15. Independent witnesses not examined:

               The contention of the learned counsel for the appellant regarding the non-examination of independent witnesses is concerned, this Court finds no merit in the same. Merely because the witnesses examined are relatives of the deceased, their evidence cannot be discarded when it is otherwise natural, cogent and trustworthy. The prosecution has adduced direct evidence through P.W.1 and P.W.2 and, though related to the deceased, their testimonies mutually corroborate each other on material particulars. In such circumstances, failure of the prosecution to examine independent witnesses is not fatal to the prosecution's case, more so, when the evidence of the eye witnesses though related, is credible and trustworthy. The Hon'ble Supreme Court has expounded the law on the subject of non-examination of independent witnesses and the weightage to be given to the witnesses,who are the relatives of the deceased. Useful reference in this regard can be made to the judgment of the Hon'ble Supreme Court of India in Guru Dutt Pathak vs. State of Uttar Pradesh [(2021)6 SCC 116]. The Hon'ble Supreme Court referring to its earlier judgment in paragraph No.24 held as follows:

               “24. One another ground given by the learned trial court while acquitting the accused was that no independent witness has been examined. The High Court has rightly observed that where there is clinching evidence of eyewitnesses, mere non-examination of some of the witnesses/independent witnesses and/or in absence of examination of any independent witnesses would not be fatal to the case of the prosecution.”

16. Lack of clarity regarding the weapon used in the crime: With regard to the alleged contradictions relating to the weapon used in the crime, P.W.1 described the weapon as  P.W.2 referred to it as  The learned counsel for the appellant relying on the statements of the said witnesses submitted that there was no clarity regarding the weapon used in the crime. This Court is of the view that the variations in the nomenclature are insignificant as all the witnesses consistently refer to a sharp-edged cutting weapon in the nature of a blade like knife being used in the crime. Moreover, the weapon used in the occurrence was recovered and marked as M.O.1, pursuant to the admissible portion of the confession statement of the accused (Ex.P.7). The forensic report Ex.P.13 described the weapon used in crime as ''Metal Knife-blade''. The forensic report corroborates the prosecution witnesses' description and hence, the minor discrepancy in description of the weapon does not affect the substratum of the prosecution case.
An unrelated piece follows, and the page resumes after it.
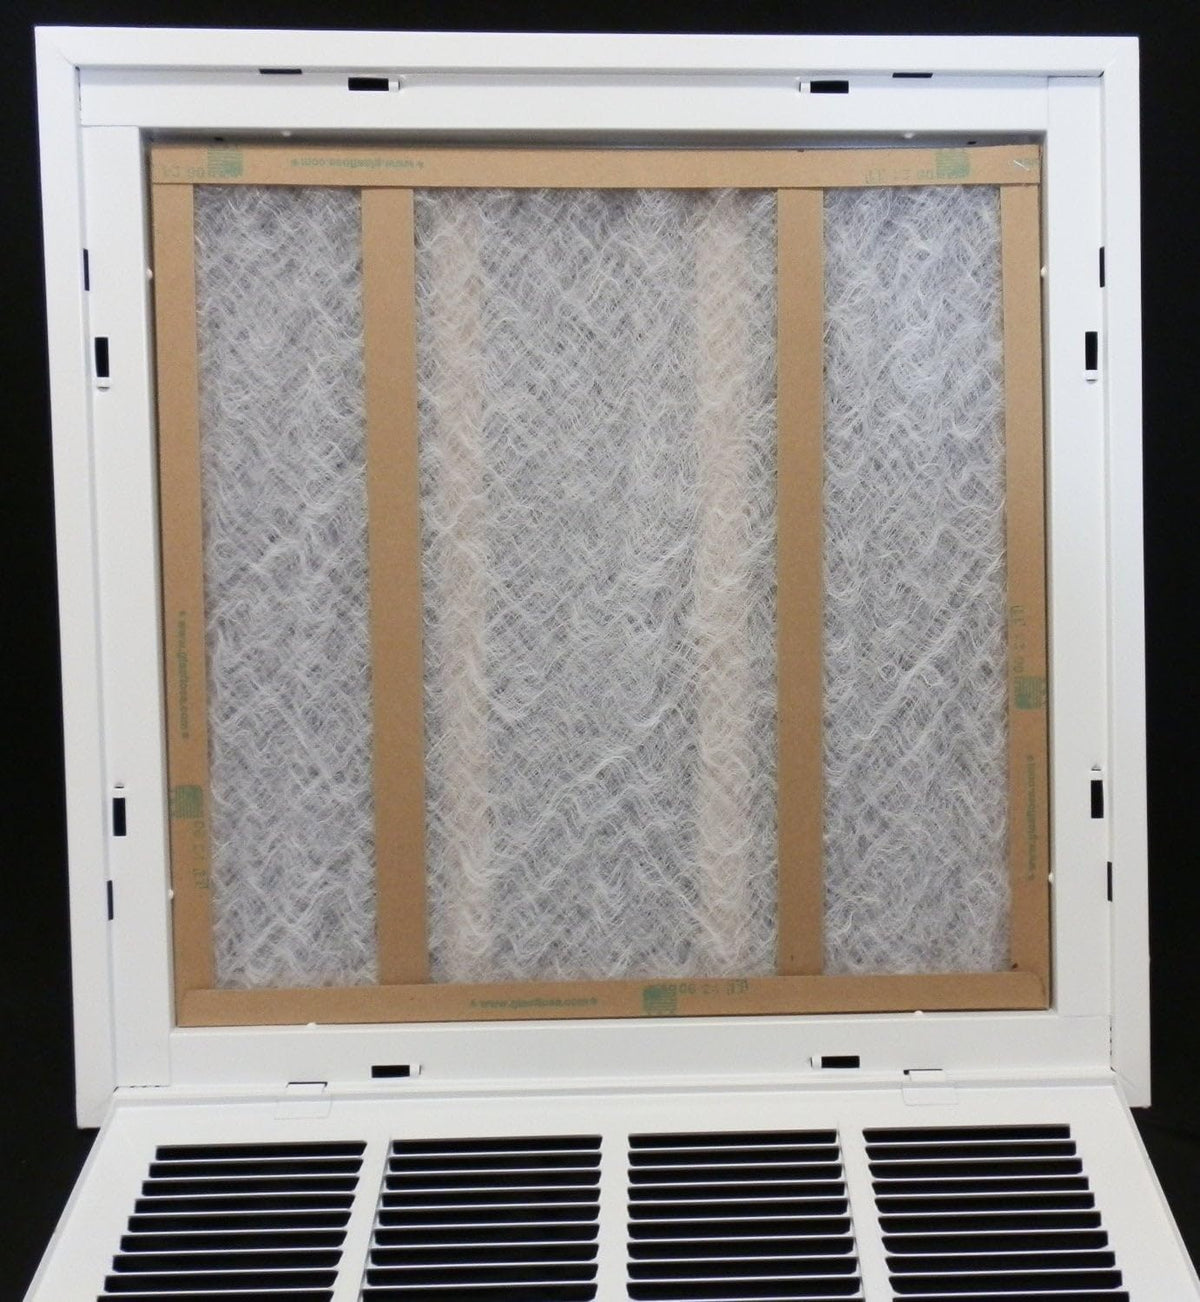 12&quot; X 34&quot; Steel Return Air Filter Grille for 1&quot; Filter - Removable Frame - [Outer Dimensions: 14 5/8&quot; X 36 5/8&quot;]

17. In view of the foregoing discussions, all the grounds raised by the appellant are devoid of merit and stand rejected. The findings of the trial court reveal a proper appreciation of the oral and documentary evidence placed on record and in the absence of any perversity, the findings do not call for any interference in appeal. This Court finds that the prosecution has proved its case beyond doubt and hence the conviction is confirmed. Accordingly, the judgment of conviction passed by the learned IV Additional Sessions Judge, Madurai in S.C.No.51 of 2016 dated 31.07.2017 is confirmed. Even though the appellant's counsel prayed that a lenient view may be taken on the sentence, this Court, considering the gravity and the manner in which the offence was committed, is not inclined to interfere with the sentence imposed by the trial court.

18. In fine, this appeal is dismissed.